5.4. Microfluidic-assisted patterning

Microfluidics relies on the manipulation of small volumes of liquids at microliter to picoliter scale through capillaries (Fig. 15A) [342]. Substantial progress has been made to prepare hydrogel scaffolds using microfluidic devices, allowing the development of biomimetic environments relative to conventional culture systems by promoting cell-ECM interaction. This technique has several appreciable advantages. First, it allows precise control over the distribution of biochemical and biophysical cues spatially and temporally. Second, it enables well-tuned geometric patterning of cells and biomolecules by laminar flow of multiple streams of fluids in a microfluidic capillary with small dimensions, as well as patterning of cell culture media itself [343]. The streams flow parallel to each other without mixing, and only diffusion across liquid-liquid interfaces occurs [344]. Third, it facilitates the study of subcellular processes by allowing two different streams to flow over a single cell placed at the interface between the two streams [345]. Fourth, it permits assessment of cell differentiation using a fewer number of cells and minimum quantities of reagents. Fifth, it enables precise control of cell microenvironment by using small volumes of liquids. Sixth, it allows co-culture and hierarchical growth of different cell types in 3D system using laminar flow through multiple microchannels. In addition, by using automated microfluidic devices with mechanical valves or osmotic pumps, on-demand delivery of biofactors and generation of a gradient of growth factors can be achieved [346]. Moreover, microfluidic devices allow manipulation of shear stress, oxygen tension, pH/temperature gradients, and diffusion of bio-essentials, which are decisive biophysical cues for determination of cell phenotypes [347]. The setup for the laminar flow experiment includes the fabrication of pattern of multiple capillaries, with different inlets which are combined in one main capillary on PDMS. Subsequently, contact the patterned PDMS to a glass surface generates the channels [344].

Fig. 15.

Fig. 15.

Integration of stimuli-responsive polymers with microfluidic technique: (A) Development of thermo-responsive microfibers/tubes by the coaxial flow of inner and outer solutions (a); reversible changes of tube diameters with temperature (b); fluorescence image of Hep G2 cells cultured on microfibers (c). (B) Development of pH-responsive cell-loaded microgels (a); live-dead image of NIH 3T3 cells encapsulated within microgels (b); pH-triggered degradation of microgels, and hence release of NIH 3T3 cells (c). A: [47], Copyright 2018. Reproduced with permission from American Chemical Society. B: [348], Copyright 2013. Reproduced with permission from John Wiley and Sons Inc.

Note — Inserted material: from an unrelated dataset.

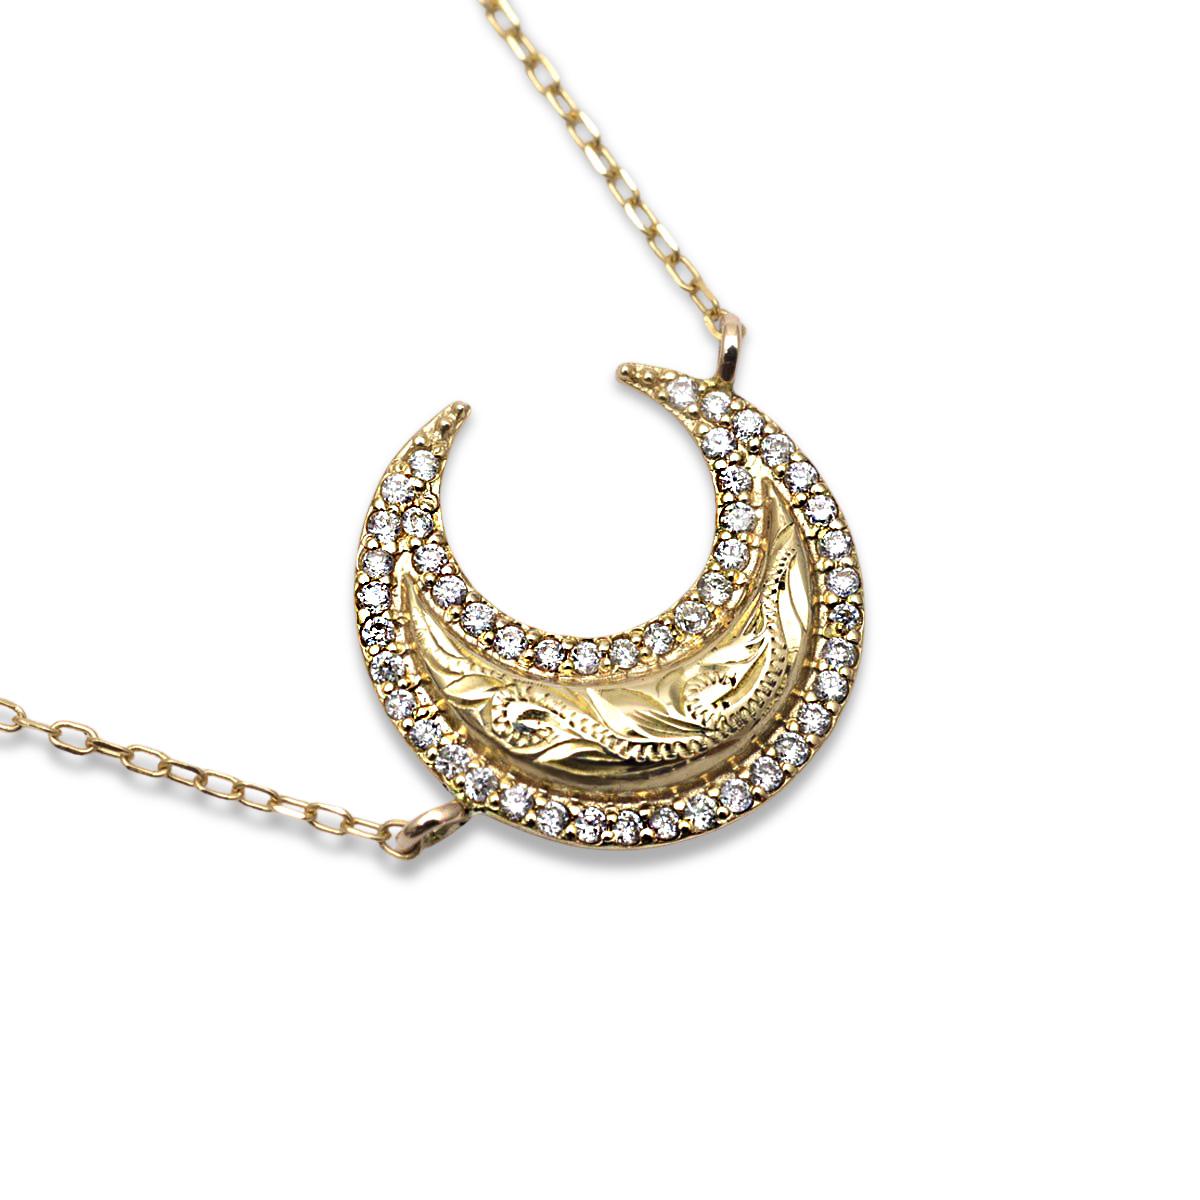 ハワイアンジュエリー k10ネックレス 10金 ゴールド ダイヤモンド  (Weliana) スクロールクレッセント ダイヤモンドネックレス 0.12ct /新作

Significant progress in biomaterials fabrication has been achieved via the integration of stimuli-responsive materials with microfluidics, enabling the development of smart microgels, microfibers, and scaffolds with controlled porosity and alignment [348-352]. For example, Yoon and co-workers developed multi-stimuli responsive hydrogel microfibers and microtubes for potentially capturing the dynamics and geometrical alignment of native tissues [47]. Crosslinked hydrogel microfibers were generated by the coaxial flow of NIPAM, sodium acrylate or allylamine, N,N′-methylenebis(acrylamide) crosslinker, and alginate in the inner capillaries and CaCl2 in the outer capillaries of a microfluidic device, along with irradiating the emerging fibers with UV light (Fig. 15A). Likewise, a tubular hydrogel was created by using CaCl2 as inner fluid, and the rest of components as an outer fluid. Alginate template was removed using EDTA solution after the fabrication of fibers and microtubes. Both microfibers and microtubes exhibited reversible phase transition and changes of the microtube diameter and wall thickness with pH and temperature. The hydrogel microfibers also supported attachment and proliferation of Hep G2 cells. The same group also developed magneto- and photo-responsive PNIPAM-based microfibers, wherein the magnetic nanoparticles generate heat upon irradiation with visible light to induce volume change of PNIPAM microfibers [353]. Precise control over the physicochemical features of the particles could be achieved by controlling the concentrations of materials precursors in solvents, the flow rate of the inner and outer fluids, and total flow rate.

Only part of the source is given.